- Church: Episcopal Church
- Diocese: Easton
- Elected: June 23, 1949
- In office: 1949–1966
- Predecessor: William McClelland
- Successor: George A. Taylor

Orders
- Ordination: December 1934 by Ernest M. Stires
- Consecration: November 9, 1949 by Noble C. Powell

Personal details
- Born: April 10, 1901 Jersey City, New Jersey, United States
- Died: April 24, 1991 (aged 90) Naples, Florida
- Denomination: Anglican
- Parents: Frank O. Miller & Julia Louise Hilldring
- Spouse: Etta Merrill Vigue

= Allen J. Miller =

American bishop

Allen Jerome Miller (April 10, 1901 – April 24, 1991) was an American prelate who served as the fifth Bishop of Easton between 1949 and 1966.

==Early life and education==
Miller was born in Jersey City, New Jersey on April 10, 1901, the son of Frank O. Miller and Julia Louise Hilldring. He was educated at the William L. Dickinson High School. He then studied at Johnson College in Knoxville, Tennessee and graduated with a Bachelor of Arts in 1924. He then attended the Yale Divinity School and graduated with a Bachelor of Divinity in 1930. That same year, he was made a Yale Fellow, being awarded the Hocker-Dwight Fellowship which enabled him to study abroad.

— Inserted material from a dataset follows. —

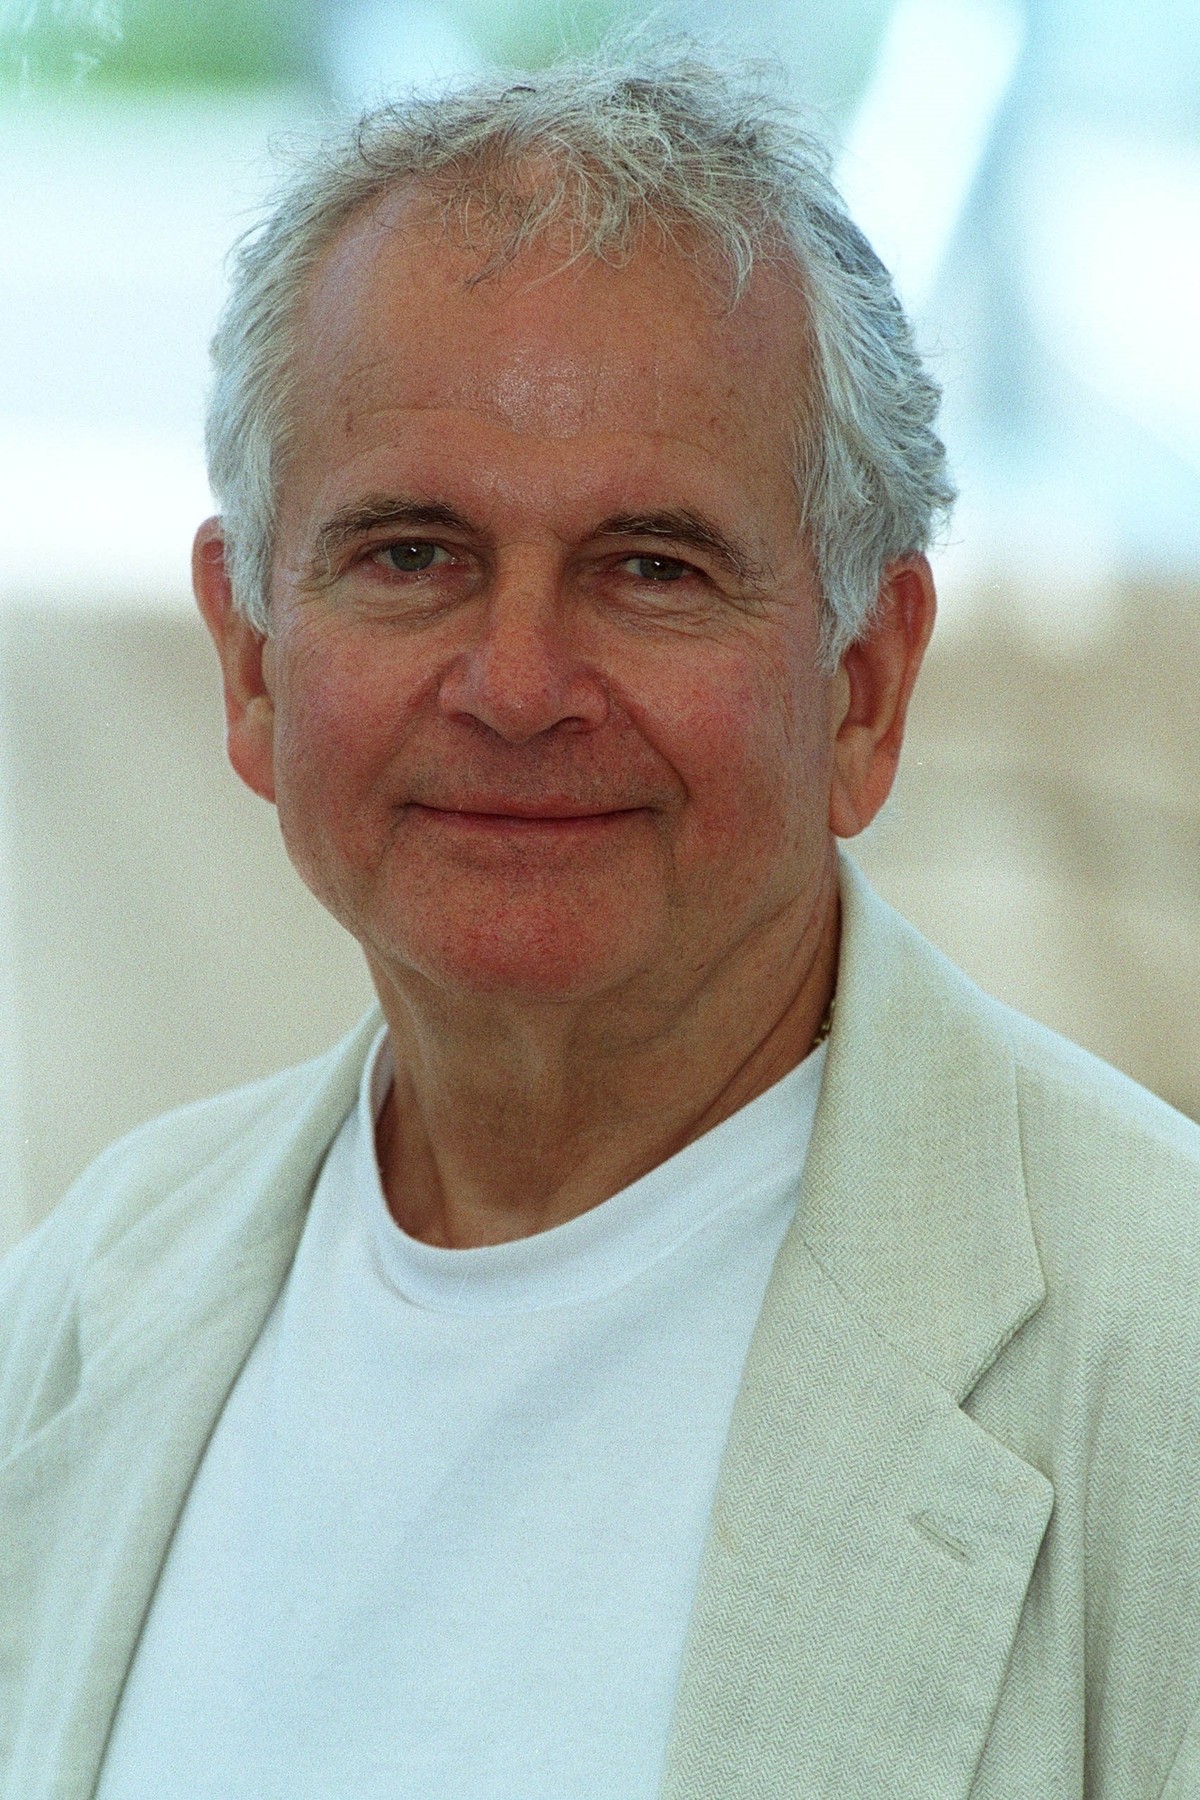 London, UNITED KINGDOM  - British actor Ian Holm has died at the age of 88, according to a statement from his agent.

Holm had a long and varied acting career that saw him cast as a slew of characters, including Bilbo Baggins in the

He then studied at the University of Edinburgh from where he graduated with a Doctor of Philosophy with honors in 1934.

==Ordained ministry==
Initially Miller was ordained as a Presbyterian minister; however, after joining the Episcopal Church, he was ordained deacon in June 1934 by Bishop John Insley Blair Larned, Suffragan of Long Island, and priest in December 1934, by Bishop Ernest M. Stires of Long Island. On July 30, 1940, he married Etta Merrill Vigue. After ordination, he became priest-in-charge of St Anne's Church in Bridgehampton, New York, and in 1936 became assistant priest at St Thomas' Church in Washington D.C., until 1937. Between 1937 and 1944 he served as rector of Trinity Church in Utica, New York. In 1944 he became rector of the Church of the Messiah in Baltimore, Maryland.

==Bishop==
Miller was elected Bishop of Easton on the fifth bishop during a special convention of the diocese on June 23, 1949. He was consecrated on November 9, 1949, in Christ Church (Easton, Maryland) by Bishop Noble C. Powell of Maryland. He resigned his post on December 31, 1966, with effect as from January 1, 1967.

==Author==
Miller is the author of two books titles The Kingdom of Inner Meaning (1936) and An Introduction of a Theory of Christian Education.